When Chris began serving his prison sentence he was an eighteen-year-old alcoholic, drug addict, and high school drop out. Since that time he has obtained his GED, earned 60 credits towards an associate degree and is currently working on a vocational degree in auto body repair.
Chris participates in alcoholics anonymous and narcotics anonymous (AA/NA) on a regular basis. In addition, Chris has completed the violent offenders program and Moral Reconation (MR) program. Experience and research have shown the MR program is successful in reducing failure rates for persons released from incarceration by statistically significant margins. Although he has completed the course, he has chosen to remain in the group as a sustaining participant and has taken on more of a leadership role by assisting new comers to the group, which is an indication of his motivation to continue his progress.
If granted parole, arrangements have been made for us to live outside of the county in which the victim’s family resides. If the parole board feels it would be in the best interest of the victim’s family, we are willing to relocate to another state. In order to assist Chris’s transition to the community, and continue his drug/alcohol prevention, arrangements will be made for him to receive therapy through a mental health and addiction services health center.
We feel that in order for you to make an informed decision to weather you are in favor of Chris making parole, you need to be aware of the crime. We recognize that many citizens will feel safer in our society knowing that a young man capable of such a reckless act received a life sentence, and we accept that opinion.
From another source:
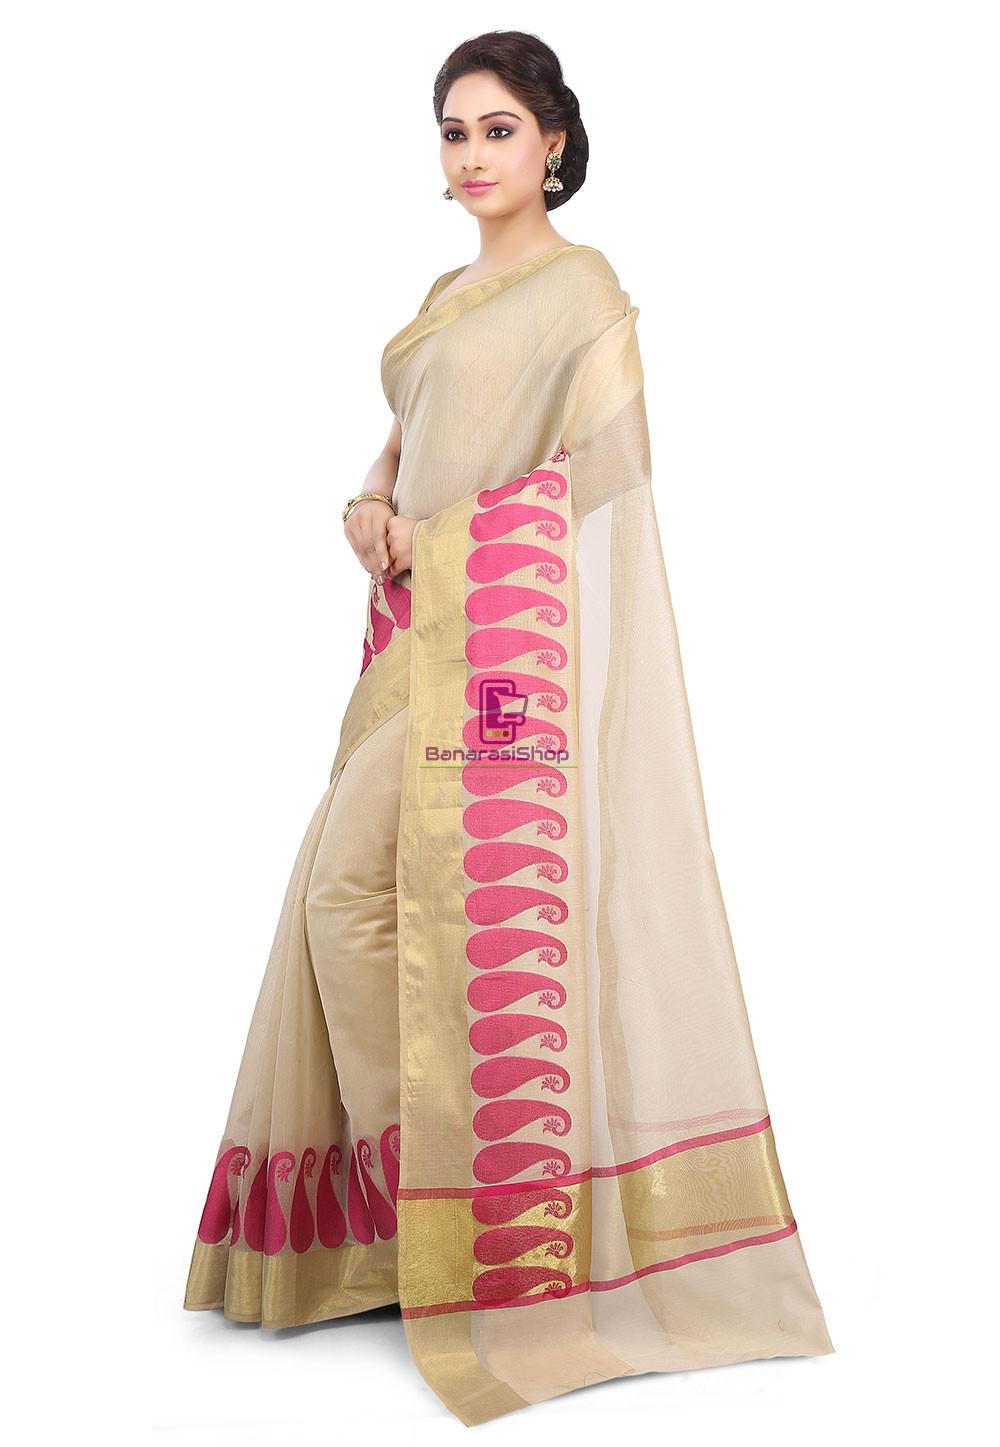 Woven Banarasi Chanderi Cotton Saree in Beige 5

In no way do we mean to minimize the seriousness of this crime, but as quoted by Victor Frankl, “We can’t go back and make a brand new start, but we can start now to make a brand new end.”
The events that resulted in the murder charge occurred after Chris, the deceased, and others had been heavily drinking alcohol and using marijuana over a prolonged period of time. The evidence revealed that the victim died as the result of one of two gunshot wounds to the head.
Despite the fact that there was no direct proof of the events immediately preceding the shooting, no evidence at all of any motive by Chris to harm the victim and uncontraverted evidence of extensive alcohol and substance abuse by both Chris and the deceased, the jury found Chris guilty of murder, and chose the maximum penalty of life imprisonment for that charge. In doing so, the jury rejected the defense of intoxication, which could have lessened the degree of the offense.
We pray that you will support the release of Chris to parole, thereby demonstrating to the parole board that the public still wants the department of corrections to show that prison still has for some the capacity for effecting reform, for stimulating correction and inducing penitence. We thank you for your time. Please view site http://www.PetitionOnline.com/Chris/petition.html
Something to think about:
Keep on loving each other as brothers. Do not forget to entertain strangers, for by so doing some people have entertained angels without knowing it. Remember those in prison as if you were their fellow prisoners, and those who are mistreated as if you yourselves were suffering. (Hebrews 13:1-3)
“…where alcohol has been involved, we have been strangely insane.”